The Other 20 Words That Make a Great Promise Real

Reflections on a lesser-known part of the Declaration of Independence remind us that good government is needed to secure our unalienable rights.
by | August 31, 2011
 

Reflections on a lesser-known part of the Declaration of Independence remind us that good government is needed to secure our unalienable rights.

"We hold these truths to be self-evident, that all men are created equal, that they are endowed by their Creator with certain unalienable rights, that among these are life, liberty and the pursuit of happiness."

Most Americans are familiar with this famous sentence at the beginning of the Declaration of Independence. Its powerful phrases echo in our collective memory.

But few of us recall the next sentence: "That to secure these rights, governments are instituted among men, deriving their just powers from the consent of the governed."

The first sentence addresses the question of what; the second answers the question of how. We have ignored the latter at our peril.

These sentences in the Declaration of Independence are the basis of two fundamental points that inform much of what I do and think about in my new role as director of the GOVERNING Institute.

First, government exists to secure for all of us the rights that are ours. If there is no government, then our rights, however unalienable, remain insecure. The police officer is a government employee, paid and sanctioned by the government. It is the bullet in the police officer's gun that allows me to sleep safe and secure in my home at night.
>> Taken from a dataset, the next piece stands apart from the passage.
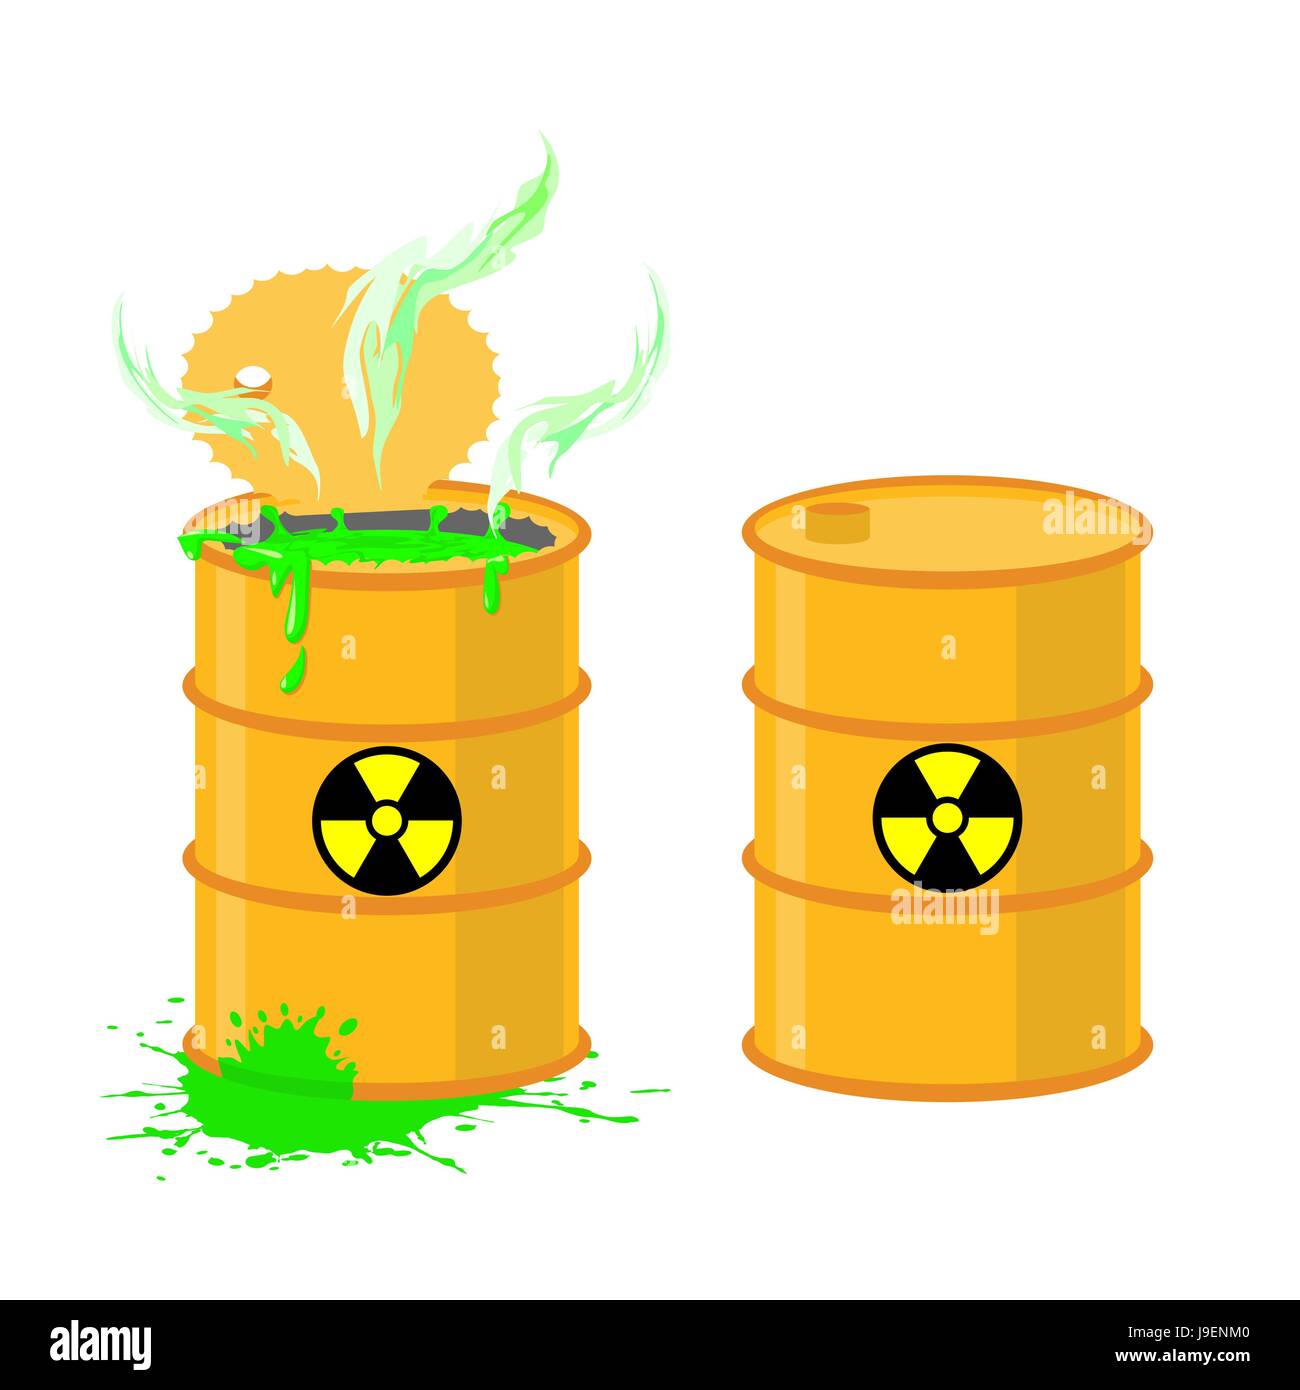 Barrel of acid. Vector illustration open drums with dangerous green liquid  Stock Vector Image & Art - Alamy

Today, it is common to talk of government as if it were something separate and apart from us, and separate and apart from the exercise of our most basic rights. But, in fact, in view of the Founders, we are the government, you and I. Our rights and our government are inseparable.

Second, government derives its just power from the consent of the governed. Many of us in positions of power and authority in America hold a barely veiled contempt for the regular folks in our country. Truth be told, we don't trust democracy much. That's a problem. Public officials need to re-engage with citizens in every way possible, dealing with them in mutual respect based on their "unalienable rights" which they hold regardless of their wealth, or income or education.

Today, it is fashionable to denigrate government and vilify politics. This is perilously wrong. We need strong, accountable government. Each and every one of us has a political responsibility to make it so.